A Way Home by Theodore Sturgeon

A Way Home by Theodore Sturgeon

Author:Theodore Sturgeon
Language: eng
Format: epub
Publisher: Pickle Partners Publishing
Published: 2016-08-30T16:00:00+00:00


Lois turned again. Now she was looking up at the ceiling with him. Think of that! he thought acidly, here we are sharing some antiseptic moonbeams.

His biting thought was protection for a very brief while. His heart began again. It shook him with each beat. It shook the bed, the walls, the building, the beaten cliff outside, making it hurl back the sea with even greater violence.

There was the softest butterfly-wing touch on his chest. Beverly had opened her eyes.

Yancey thought madly, it’s like one of those meaningless conjugations they give you in first-year French. I stare up into the darkness, you stare up into the darkness, she stares up into the darkness...

Beverly moved. She wriggled up closer. She put her hand behind his head, pulling it toward her. She put her mouth on his ear. He felt her warm breath. Barely audible, her breath said, “Darling. What is it? What do you want?”

What did he want? Nothing, of course. Nothing he could have. Nothing, certainly, that he should have. He shook his head.

Beverly crept back until her head was on his shoulder again. She lay still. She slid one hand over his chest, to rest lightly on his hammering heart.

Lois sighed quietly and turned over, away from them. The wind laughed and laughed outside, and another breaker smashed and spouted. The room grew black, then silver again.

Abruptly Beverly sat up. “I can’t sleep,” she said clearly.

Lois was silent. Yancey watched Beverly. The silver light made everything in the room look like an overexposed photograph, but Beverly’s flesh seemed pink—the only thing in the whole mad, pulsing world that had any color but grey or black.

Beverly swung her legs out, stood up, and stretched in the moonlight. She was small and firm and—pink? Was she really pink, or was that a memory too?

What a beautiful complementation, he thought hotly; how balanced an equation expresses this chaos! Beverly, small and fair; open, simple, direct. Lois, tall, slender, dark, devious, complex. And each so clearly lacking just what the other had.

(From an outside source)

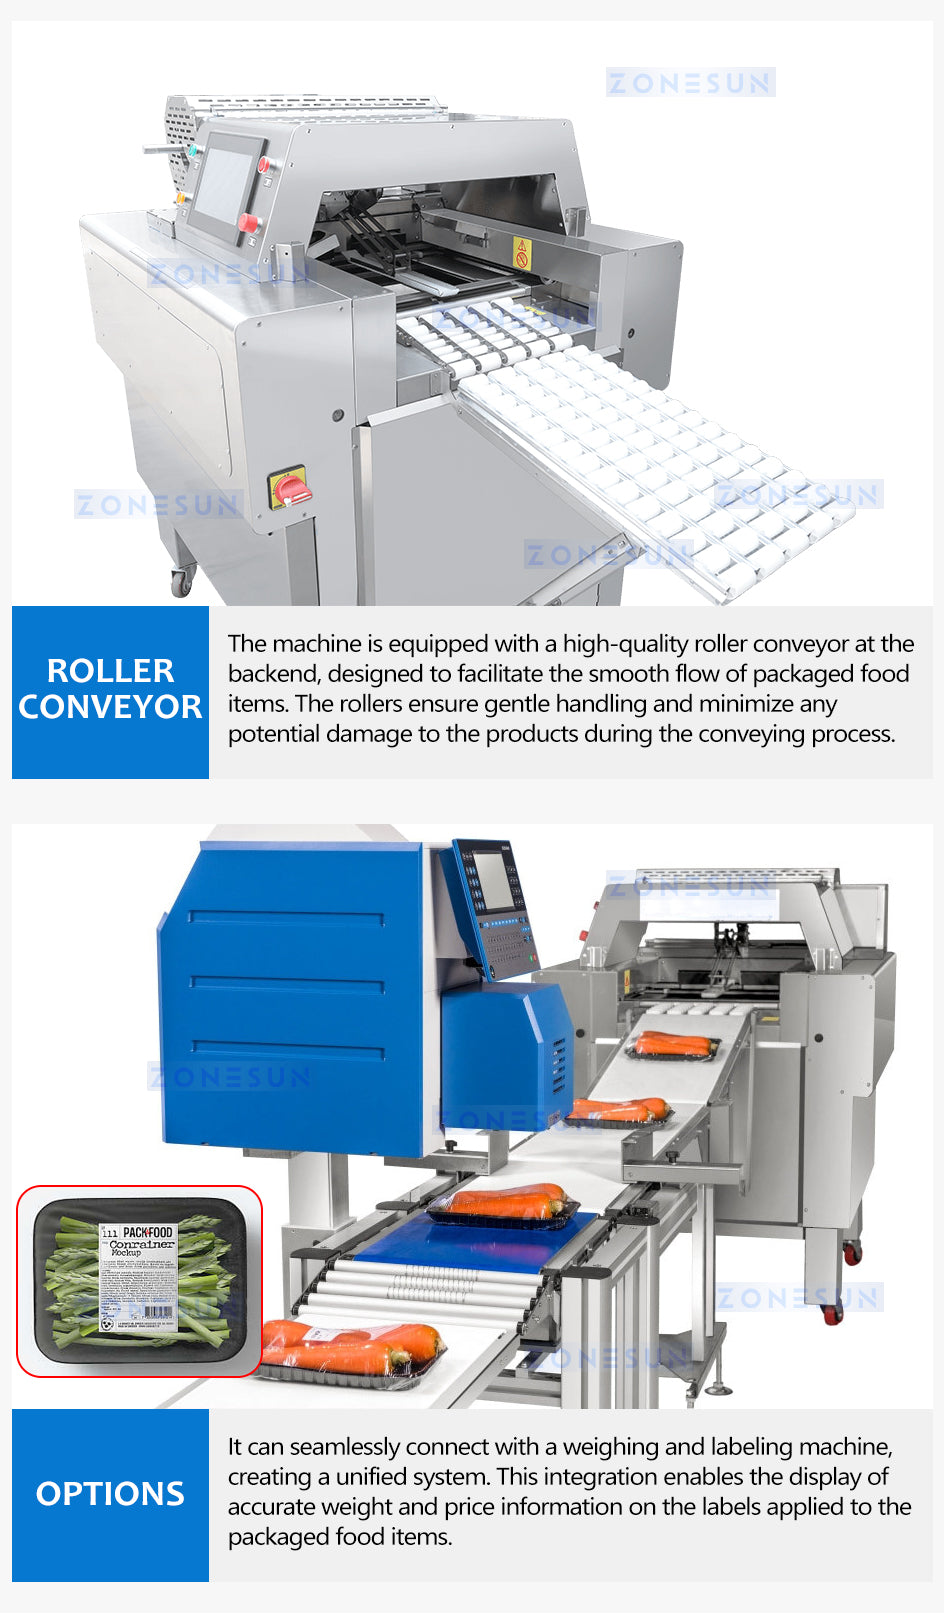 automatic wrapping machine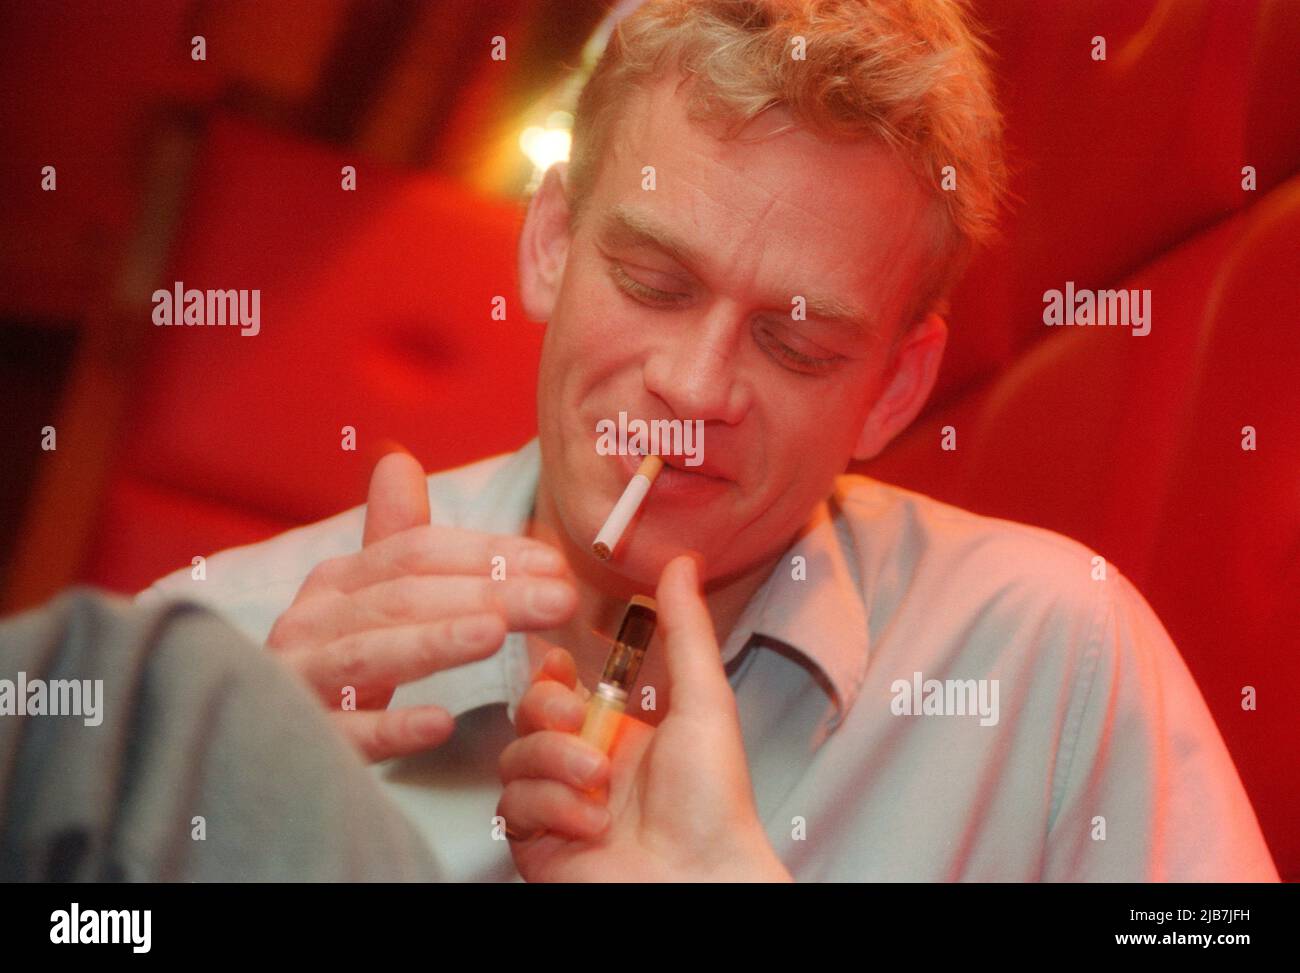 male lighting a cigarette with a zippo lighter Stock Photo

Beverly said, “I have nineteen chapters of Anna Karenina to read. Take me about an hour.” She knelt on Yancey’s bed briefly, reached across to the night table, and scooped something up. Then she went to the highboy and got the book. She went into the bathroom. Yellow light appeared starkly under the closed door.

Yancey lay quite still, looking at the line of yellow light.

At last he rolled over and looked at her. He could see the sliver of yellow again, across her eyes. She was half sitting, resting her weight on one slender arm. She was looking at him.

“What was it she picked up from the night table, Yancey?”

“Her watch.”

Lois made a sound, perhaps “Oh.” She sank down slowly, until she rested on her elbow. She was looking at him now.

He lay still, wondering if Lois could hear his heart. She probably could. Beverly probably could, through the door. He wondered, with shattering inconsequentiality, whether Beverly liked red curtains.

Lois made a slight motion with her chin toward the yellow gleam.